* [ABOUT THIS TASK] If pictures appear among the lines below, leave them out while you return exactly the lines from the one with "Hot Girls Read | Hot Girls Read" through the one with "Najważniejsze elementy w".

*** Opening of SUPPLIED RECORDS ***

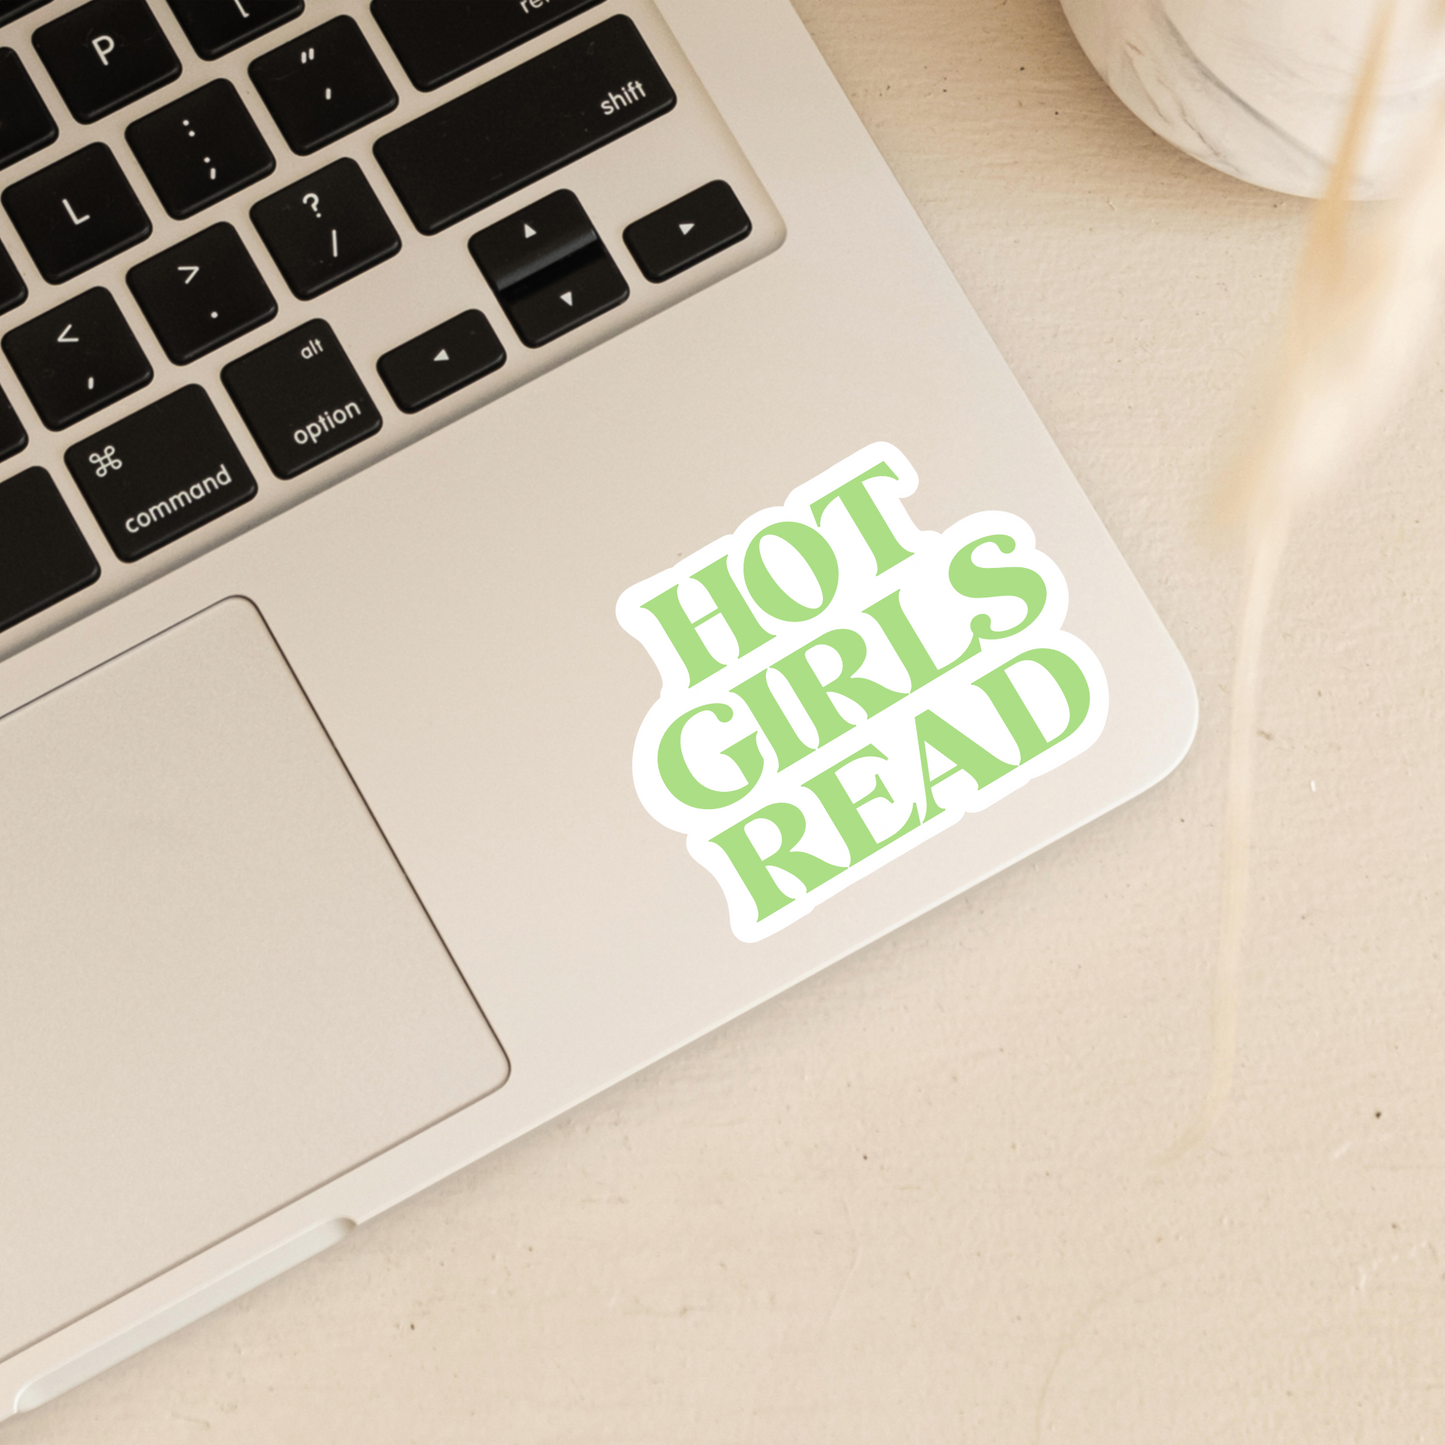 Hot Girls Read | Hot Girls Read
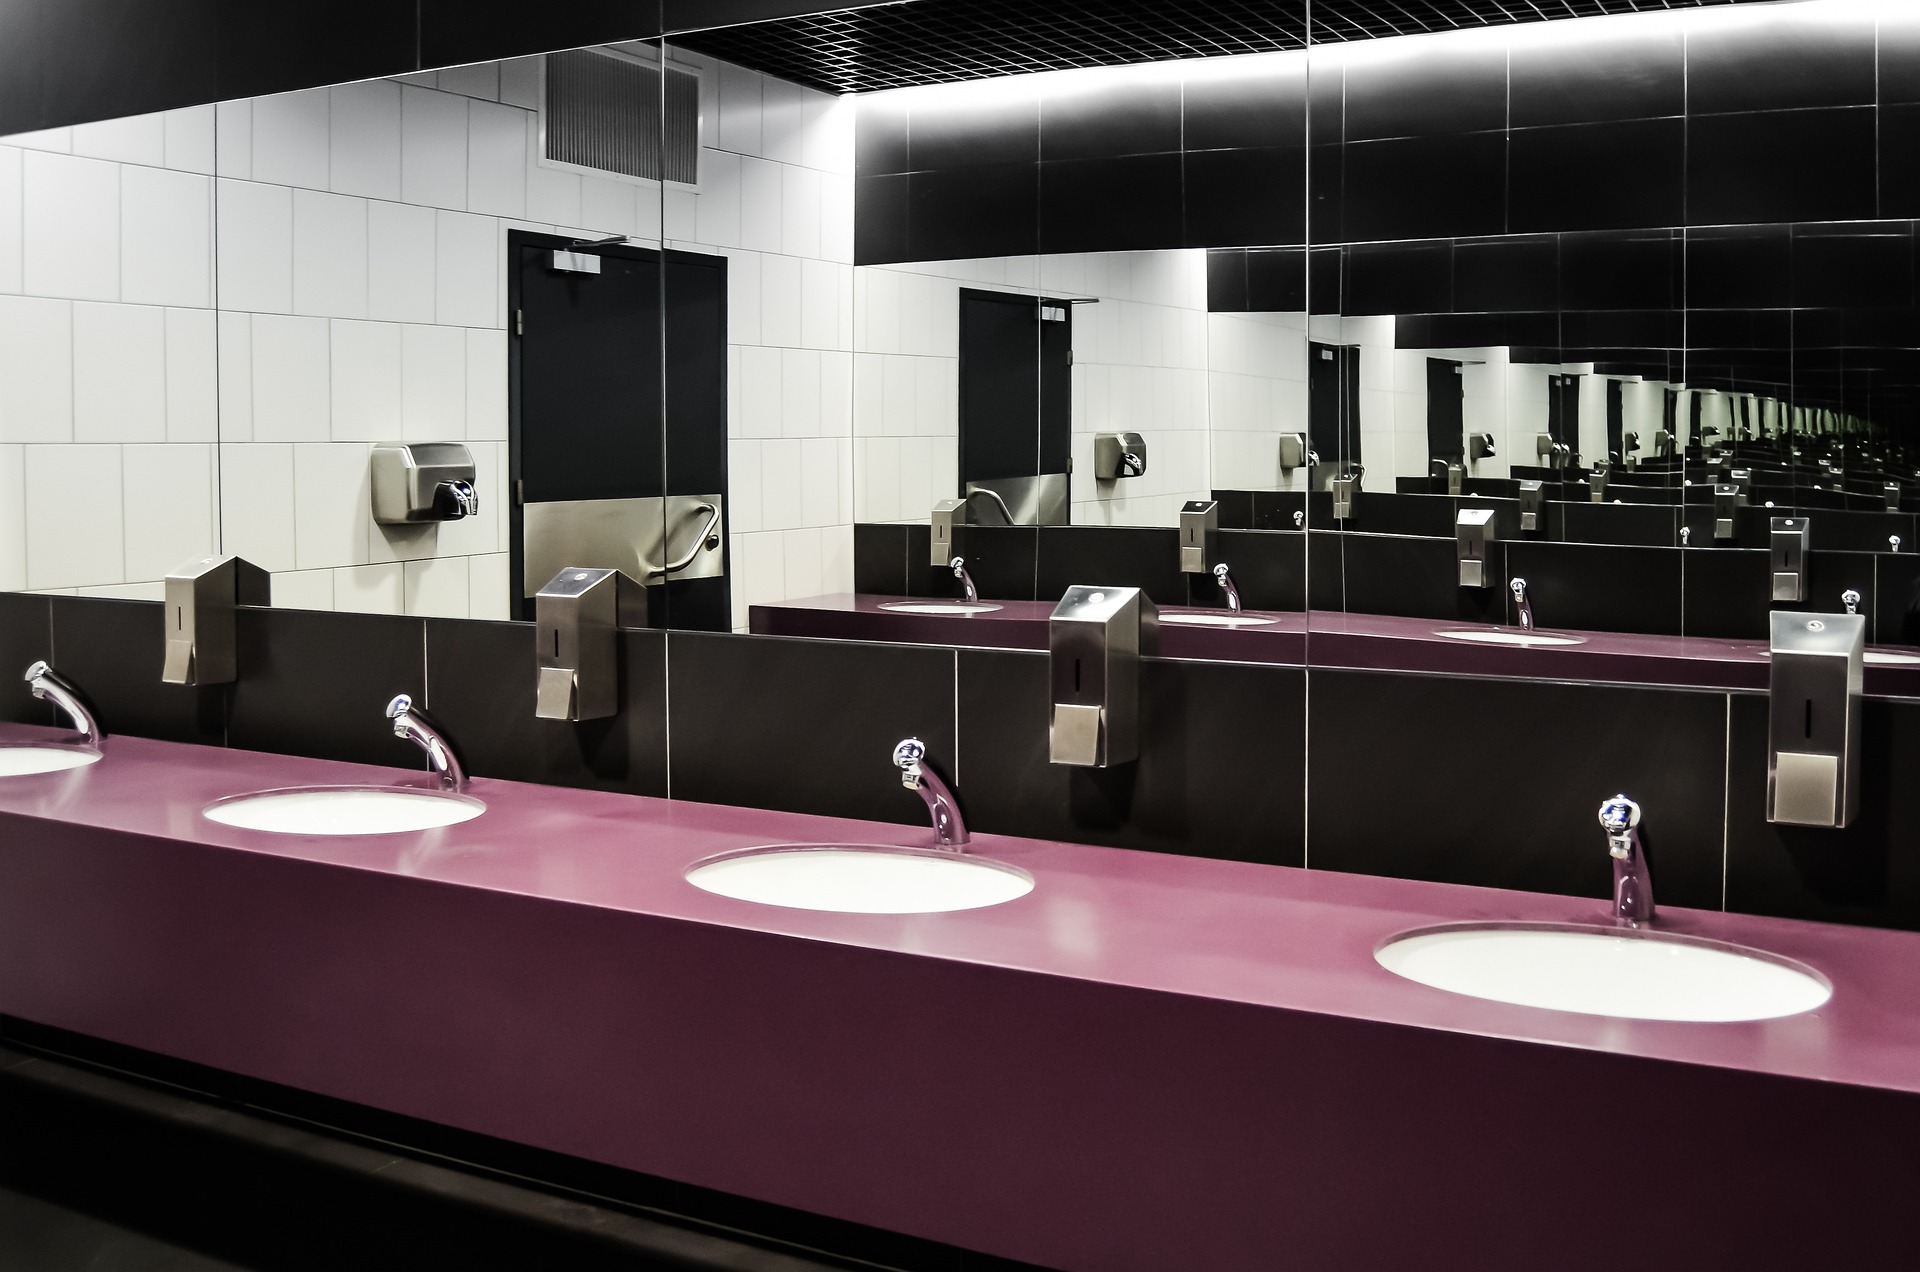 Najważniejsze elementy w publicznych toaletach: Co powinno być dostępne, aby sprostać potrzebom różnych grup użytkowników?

*** Close of SUPPLIED RECORDS ***
*** Opening of SUPPLIED RECORDS ***

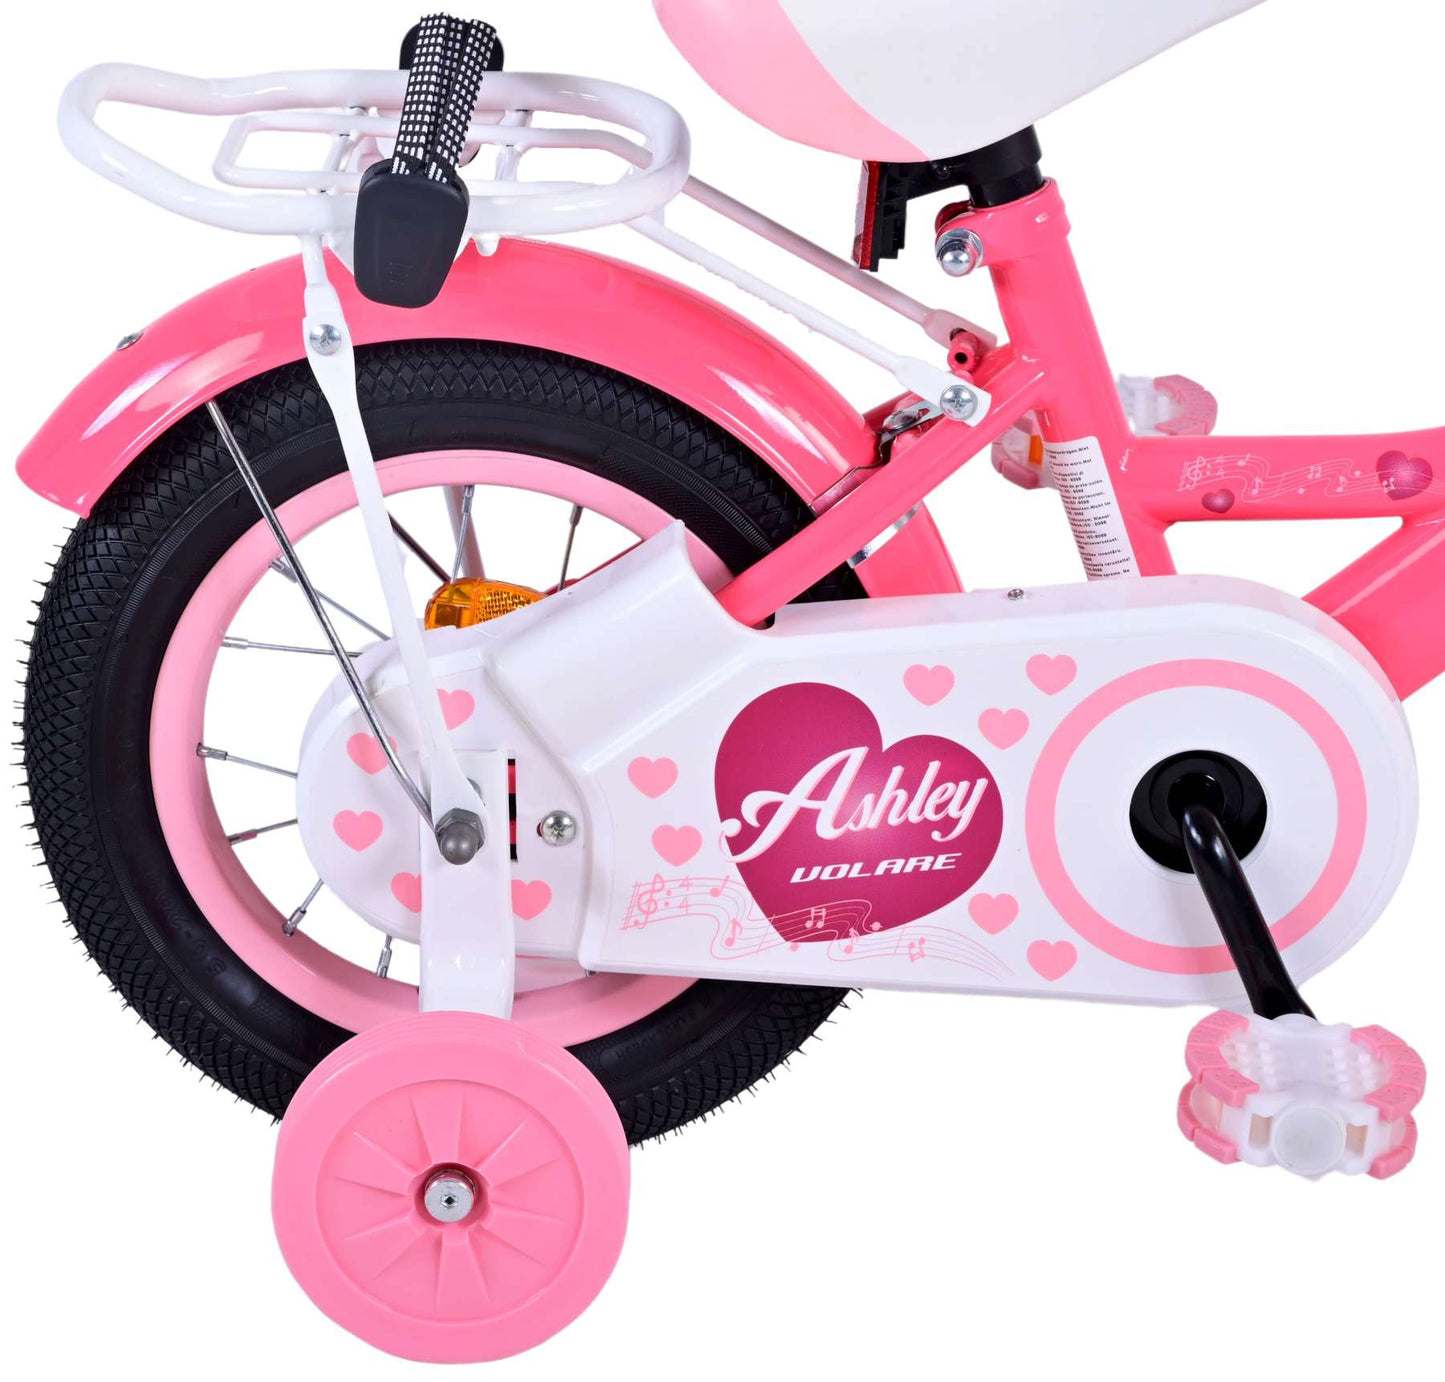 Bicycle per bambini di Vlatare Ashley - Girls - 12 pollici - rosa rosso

*** Close of SUPPLIED RECORDS ***

* [WRITTEN RESPONSE]
 Hot Girls Read | Hot Girls Read
 Najważniejsze elementy w publicznych toaletach: Co powinno być dostępne, aby sprostać potrzebom różnych grup użytkowników?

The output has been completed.